Doch die Binsenweisheit vom Frühling, auf den irgendwann auch ein Herbst folgt, hat sich in der Region schnell bewahrheitet. Statt Demokratie nach naiv westlichen Vorstellungen hielt nur eine andere Form der autoritären Macht Einzug: In Ägypten regieren die Muslimbrüder, in Tunesien die scheindemokratische Islamistenpartei Ennahdha. Von Libyen aus strömen Radikale in den Norden Afrikas. Und in Syrien, wo aus dem Frühling gleich ein blutiger Bürgerkrieg geworden ist, ist die einzige bange Frage die, was nach Assad kommt – die Salafisten und andere Radikale stehen Gewehr bei Fuß und haben bald vielleicht noch ganz andere Waffen.

Das alles hat viel damit zu tun, dass es den Demokratie-Aufstand in der arabischen Welt in dieser Form gar nicht gibt.

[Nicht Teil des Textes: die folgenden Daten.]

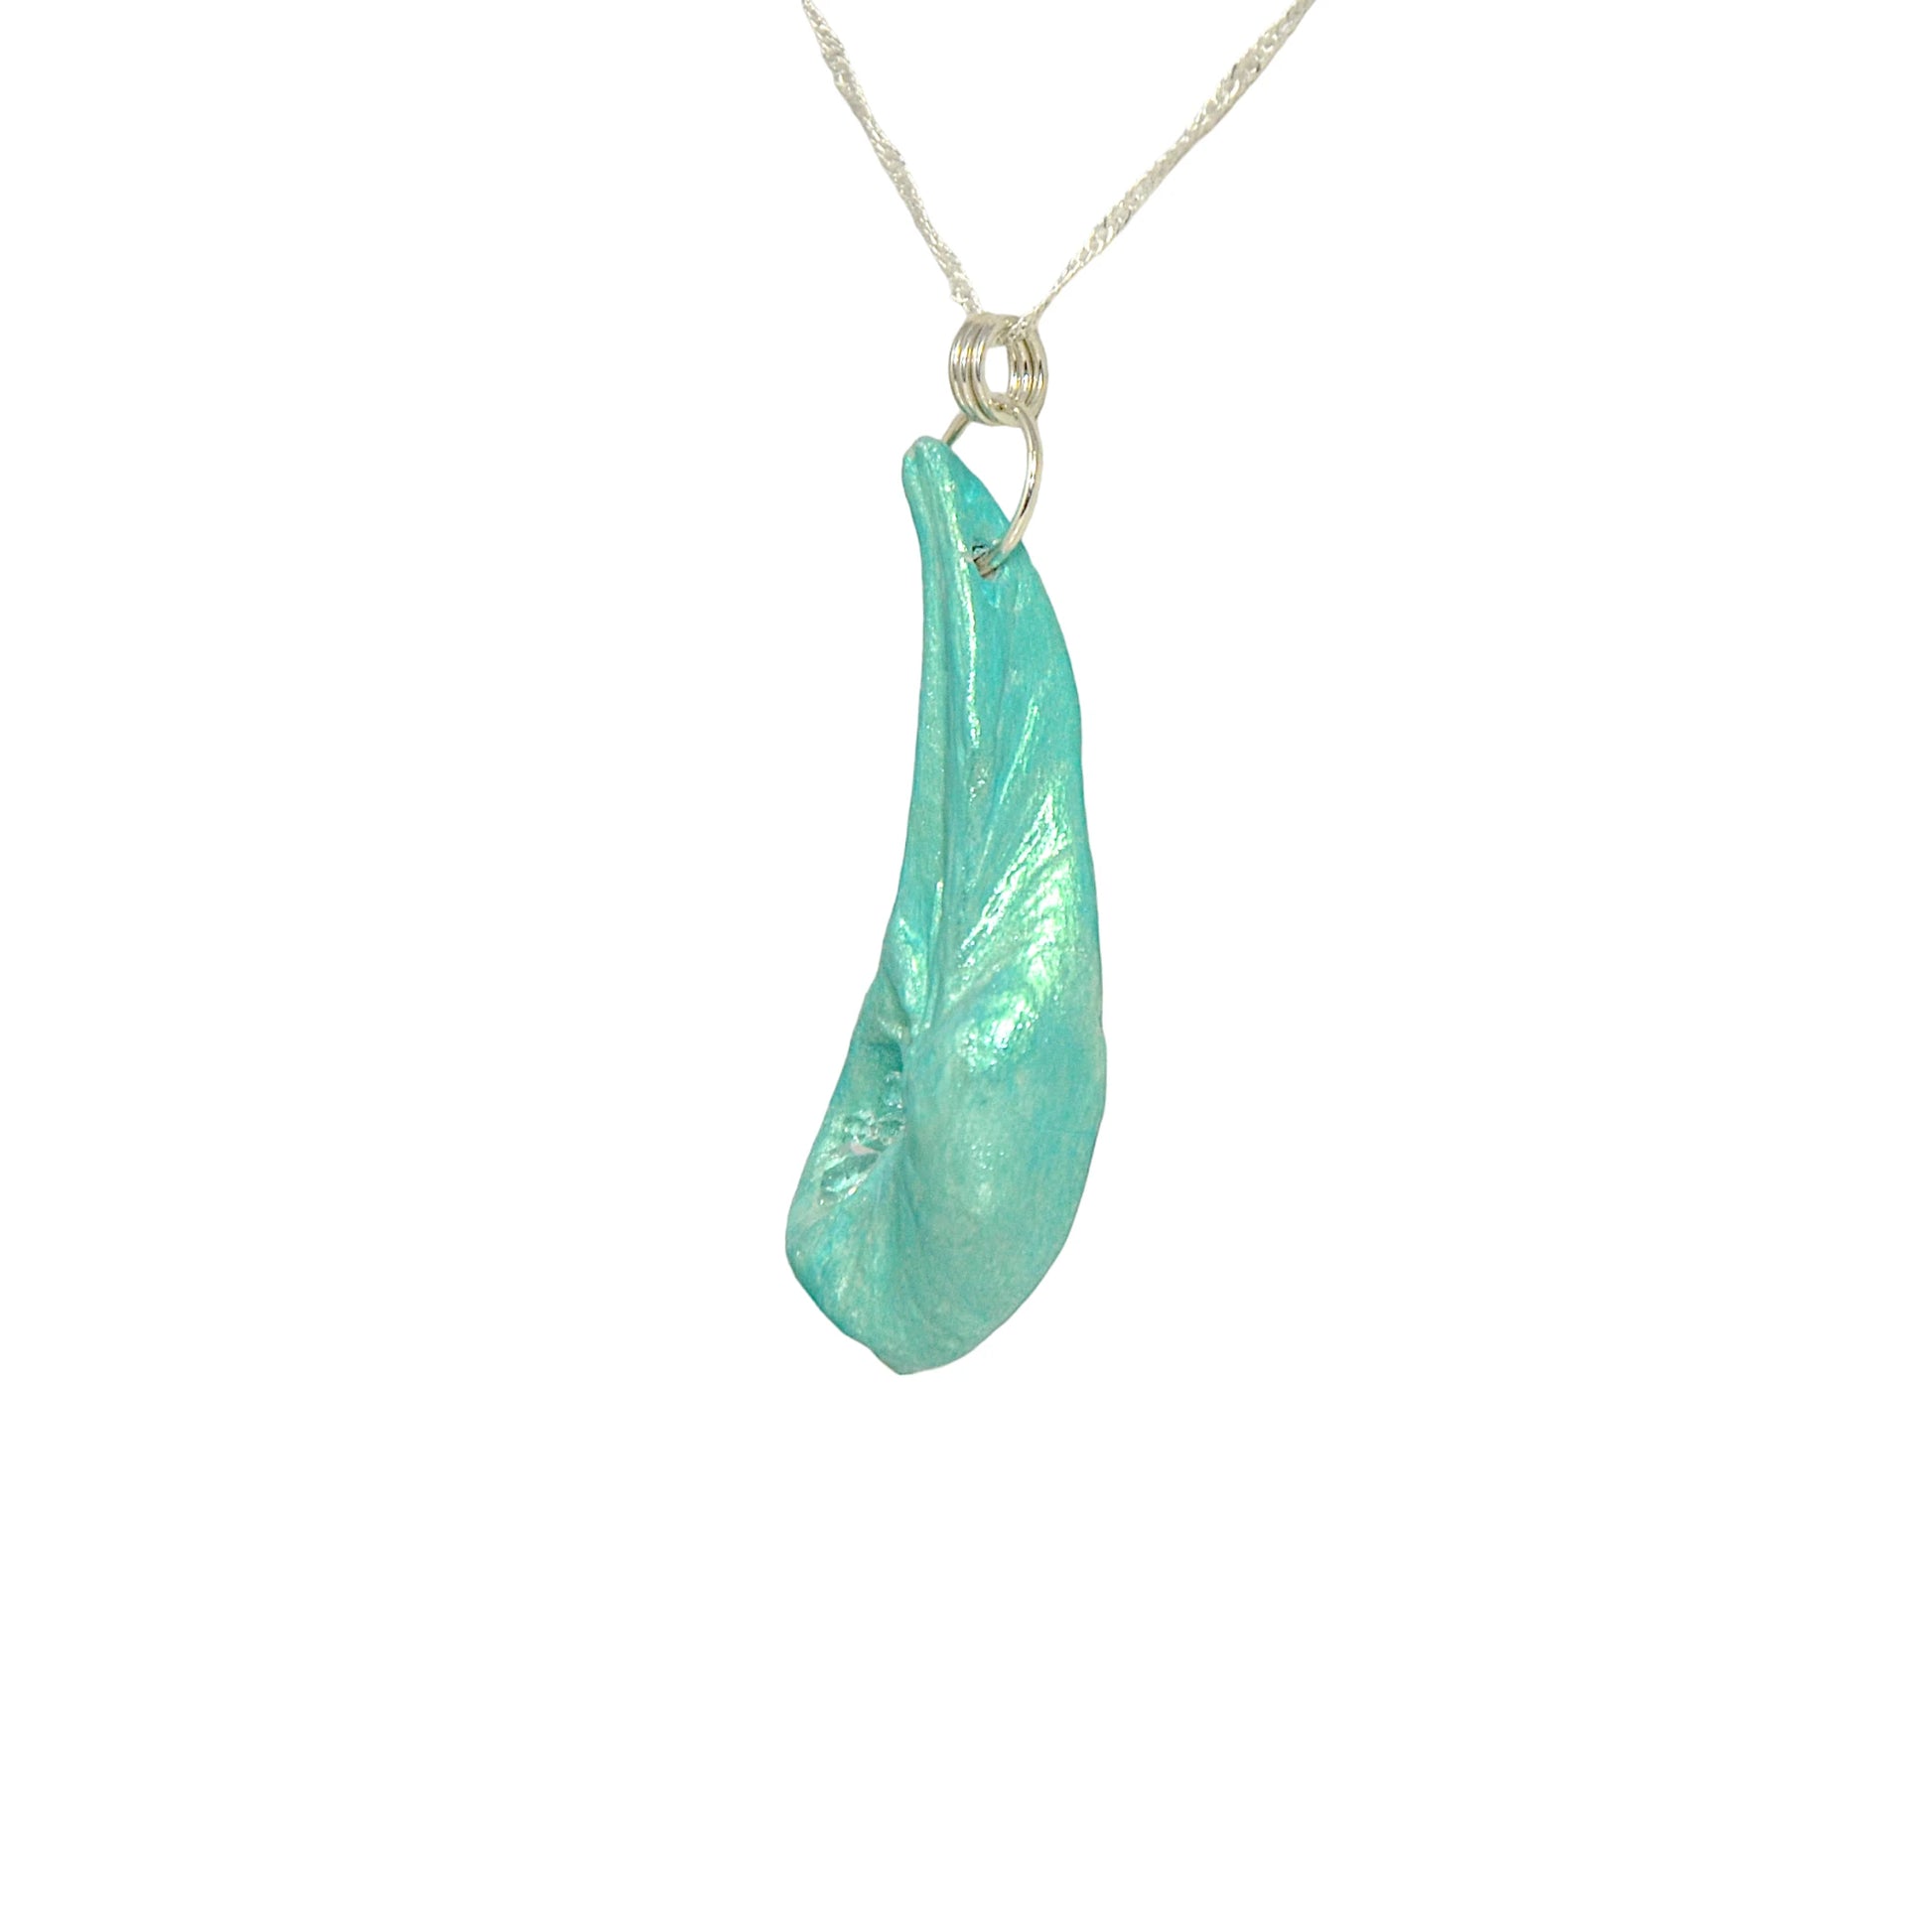 The Cascadia Pendant created with a natural seashell from the beaches of Vancouver Island.  The seashell is turquoise and has high quality herkimer diamonds. is shown turned to show the left side of the pendant.

Die ist islamisch. Kaum jemand, bis auf eine auffällige Minderheit, strebt danach, just die westlichen Lebensformen zu übernehmen. Die Proteste sind welche gegen fehlenden Wohlstand und die abermalige Knechtung. Das, worum in diesem Arabischen Herbst gerungen wird, ist zudem die Verteilung der Macht. Und die Ausrichtung des Islam: ein traditioneller und trotzdem offenerer; oder ein radikaler, in strengster Auslegung von Koran und Scharia – Winter sozusagen. Im Moment ist es gerade sehr kalt.